Salmonella enterica serotypes have been linked to outbreaks associated with low water activity foods. The ability of biofilm forming pathogens, such as Salmonella, to survive thermal and chemical processes is improved; it is unclear if biofilms will also improve survival to desiccation and gastric stresses. The purpose of this study was to quantify the effect of physiological state (planktonic versus biofilm) and prior exposure to desiccation on Salmonella survival and gene expression after passage through an in-vitro digestion model.

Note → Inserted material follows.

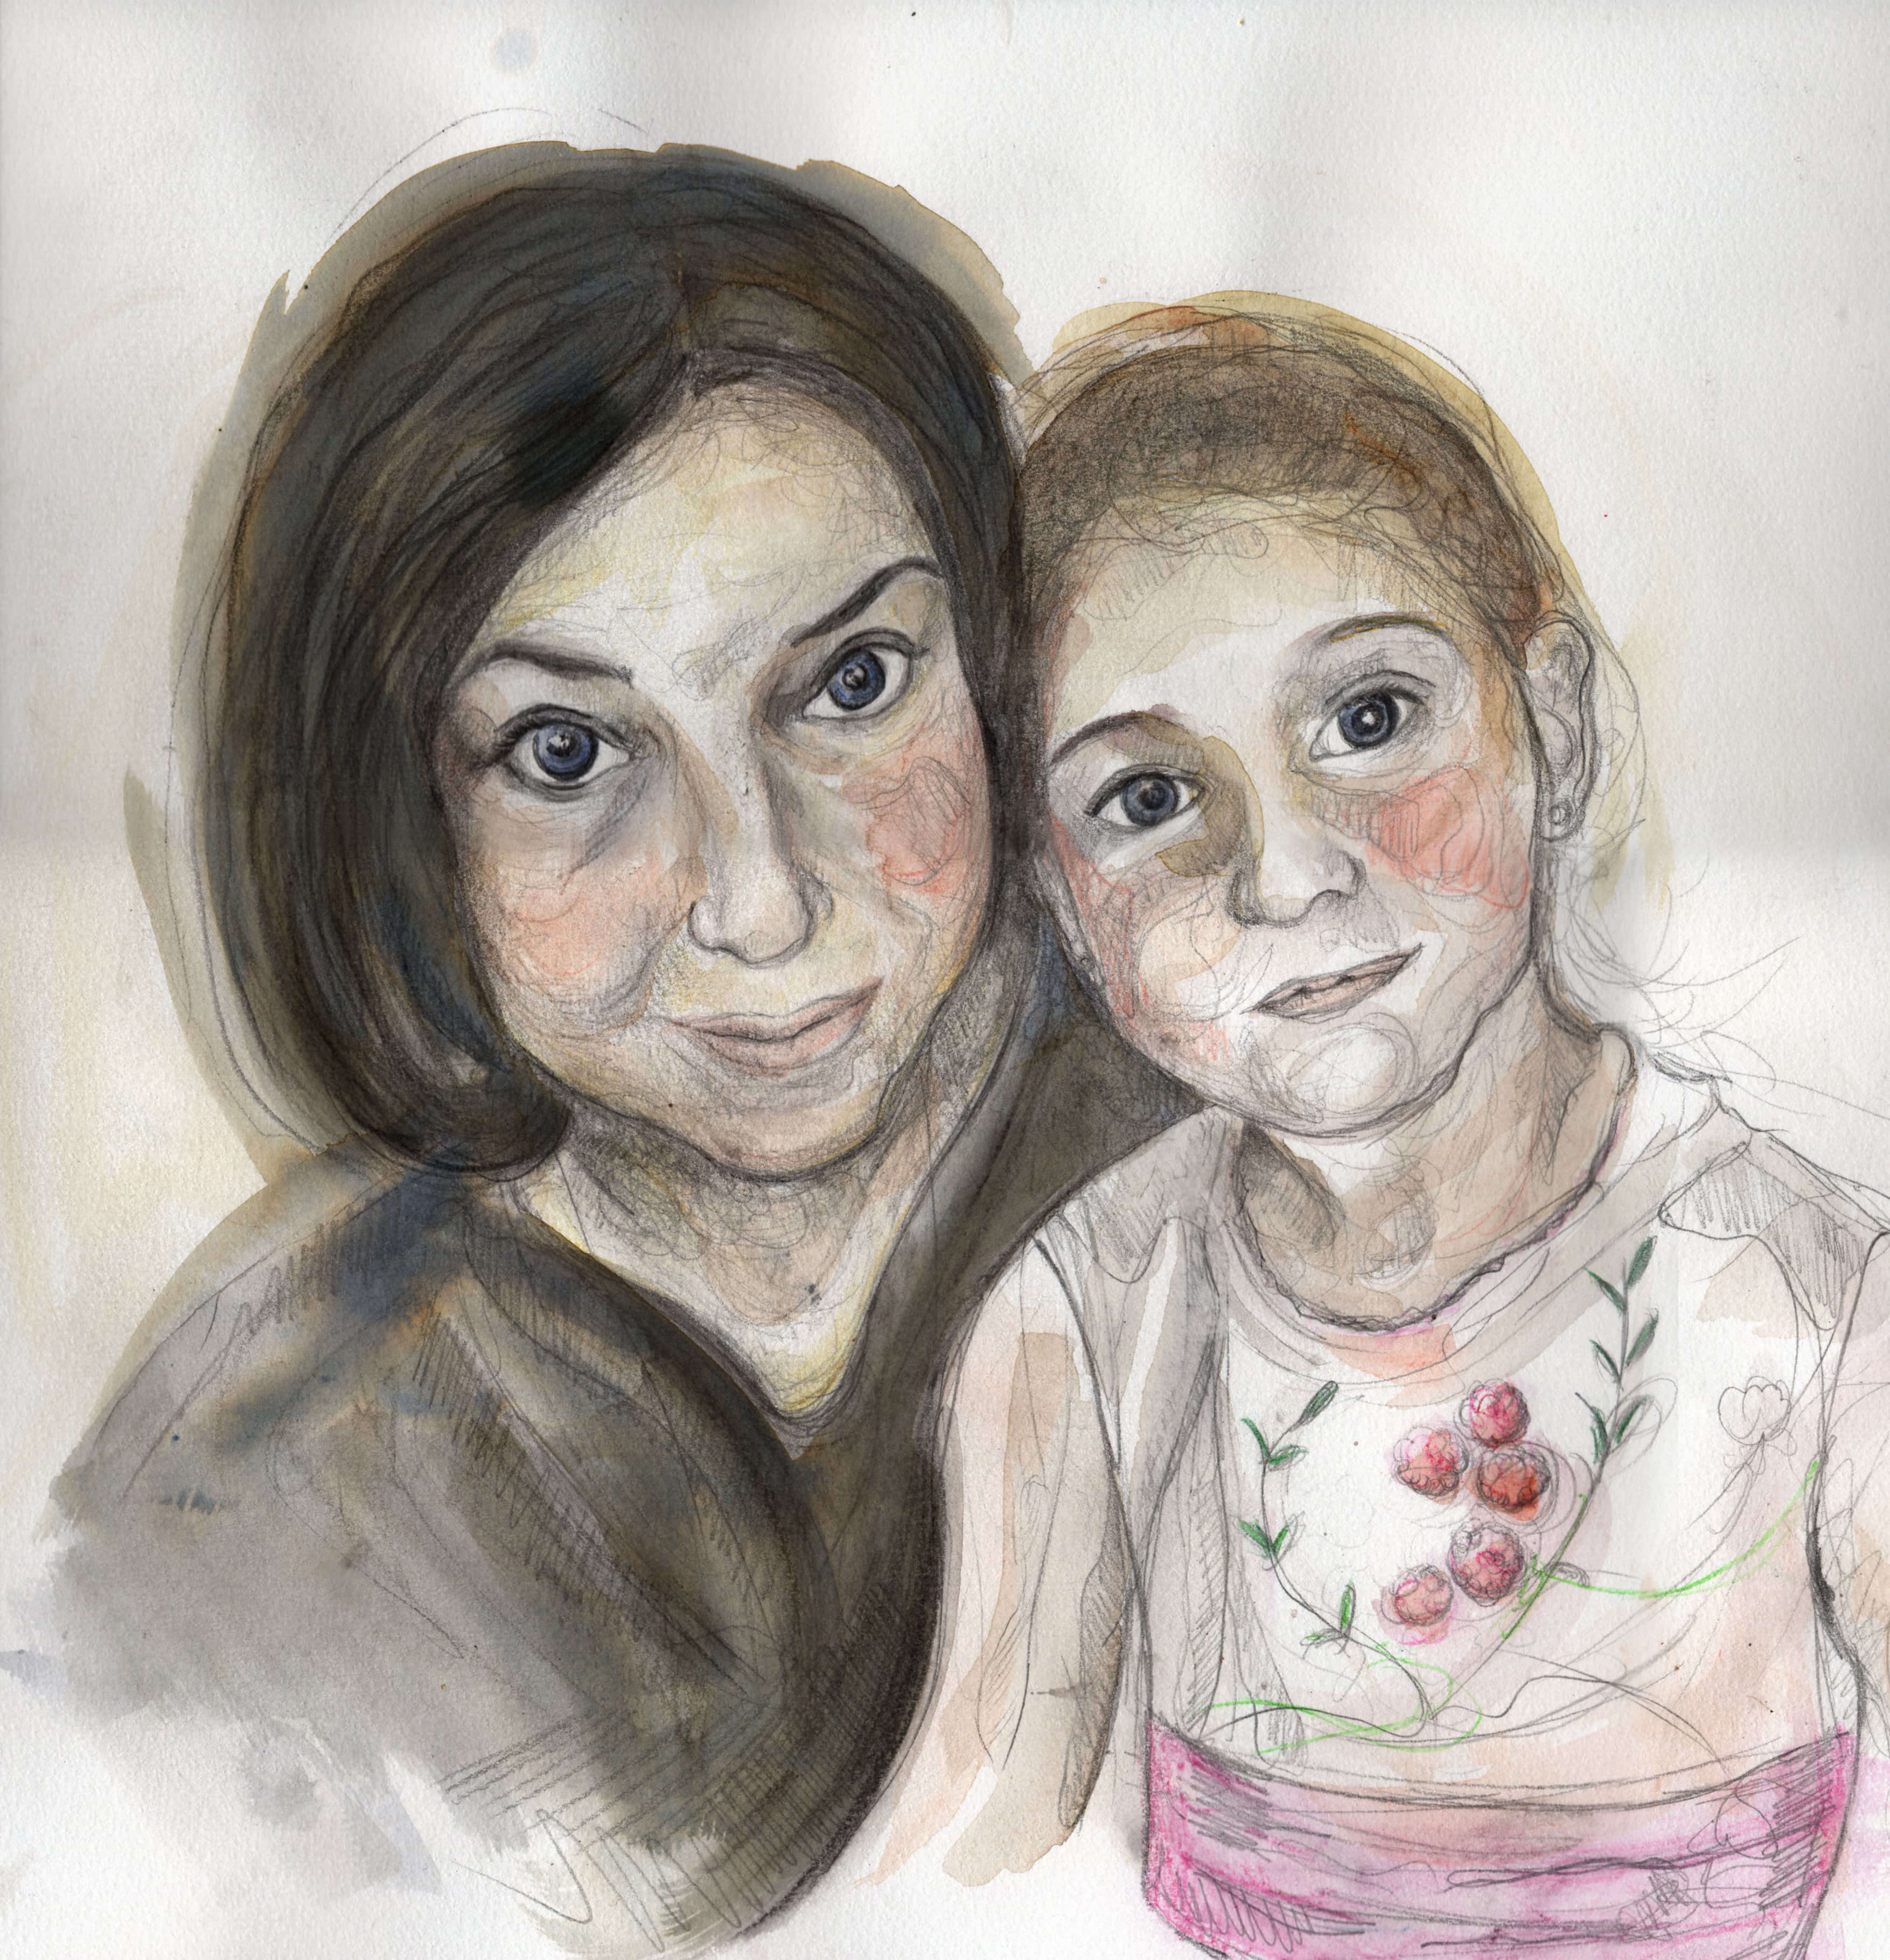 Laura y Noelia_acuarela, lápiz

Cells of Salmonella enterica serotype Tennessee were deposited onto membranes for planktonic cells or on glass beads to create biofilms. The cells were subsequently dried at room temperature and stored in dried milk powder (aw = 0.3) for up to 30 days. Salmonella survival was quantified by serial dilution onto brilliant green agar before desiccation, after desiccation, after 1-day storage and after 30-day storage. At each sampling both physiological states were tested for survival through a simulated gastrointestinal system. RNA was extracted at the identical time points and relative gene expression determined for genes associated with stress response (rpoS, otsB), virulence (hilA, hilD, invA, sipC) and a housekeeping gene 16S rRNA using quantitative real-time PCR.

The physiological state and length of storage effected the survival and gene expression of Salmonella within the desiccated milk powder environment and after passage through an in-vitro digestion system (p<0.05). Larger numbers of S. Tennessee were recovered by plate counts for biofilm cells, compared to planktonic cells. However, the numbers of 16S rRNA gene copies were not significantly different suggesting entry of S. Tennessee into a viable but non-culturable state. Prolonged storage in dry milk powder was not associated with increased cross-protection to gastric stress. Increased expression of stress response genes rpoS and otsB correlated with survival, indicating cross protection of low water activity and acid stress. Increased expression of virulence-associated genes was seen in cells exposed to short periods of dry storage, suggesting an increased virulence potential.